Polish Hunting Dog
Polish Hunting Dog
|Other names||Polish Scenthound (formerly)|
Gończy Polski (Polish)
|Notes||Breed provisionally accepted, not eligible for the CACIB|
|Domestic dog (Canis lupus familiaris)|
A lithe dog of compact construction, whose bone structure is strong but not heavy. The build implies a great aptitude for mobility and an obvious disposition to resist difficult working conditions in mountainous regions. It has a medium build, with both sexes weighing 22–26 kg (48-57 lbs). Females stand at 50–55 cm (20-22 inches) tall, whilst males stand at 55 – 59 cm (22-23 inches).
Stable and gentle, this dog is courageous and has demonstrated proof of bravery. The breed is intelligent and easy to educate. Whilst being unaggressive, the dog is wary towards strangers.
They are generally a healthy breed with no reported major health issues related to breeding.

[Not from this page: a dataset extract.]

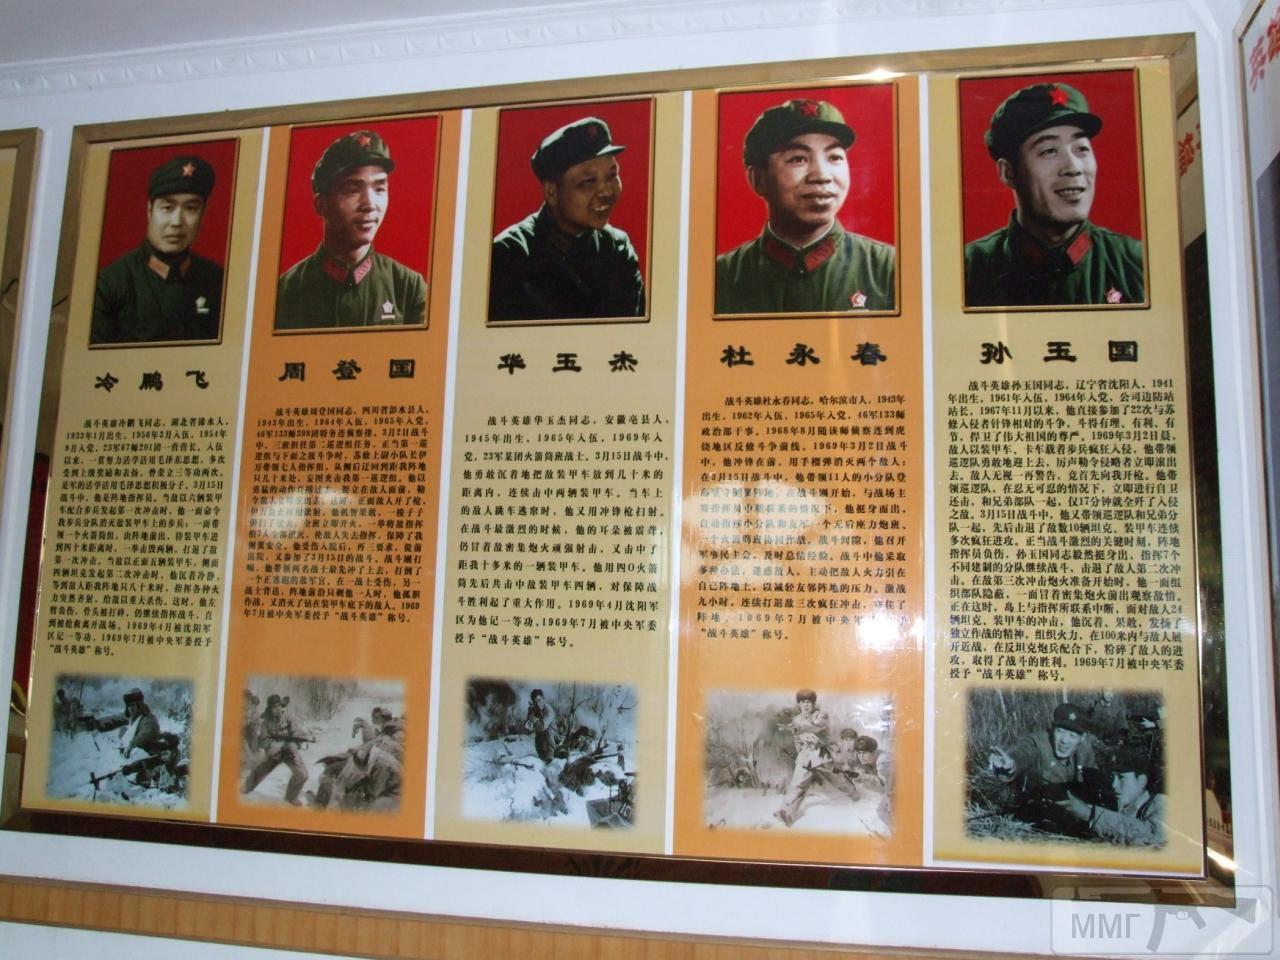 14094 - Военный конфликт СССР и Китая - Остров Даманский 1969 год

They have an average lifespan of 10–13 years, although some individual dogs do live much longer.
Hunting with scent hounds was referred to in Polish literature as early as the 13th century. Poland has always been a country covered by deep forests, full of big game where the scent hound was the precious auxiliary of the hunter. Hunting with scent hounds was highly esteemed by Polish nobility as attested by 14th century chronicles. In the 17th century, at least two different types of Polish scent hounds were already well distinguished. Detailed descriptions are found in 19th century hunting literature: in 1819 Jan Szytier (Poradnik Mysliwych) describes the Polish "brach" and the Polish scent hound; in 1821, in the magazine "Sylwan", W.Kozlowski gives a description and provides illustrations of both types, the Polish "brach" (heavier) and the Polish scent hound (lighter); the very detailed description of Ignacy Bogatynski (1823–1825, Nauka Lowiectwa) could be used as the first breed standard.
After the first World War, the Polish scent hound was still used for hunting in Poland in the eastern regions, but especially in the mountains on particularly difficult terrains. In the Podkarpacle region, the famous Polish cynologist, Jozef Pawuslewicz (1903–1979) hunted with Polish scent hounds and was engaged in the development of breeding this dog. He wrote the first Breed Standard and on account of his efforts the breed was officially registered by the Polish Cynological Association.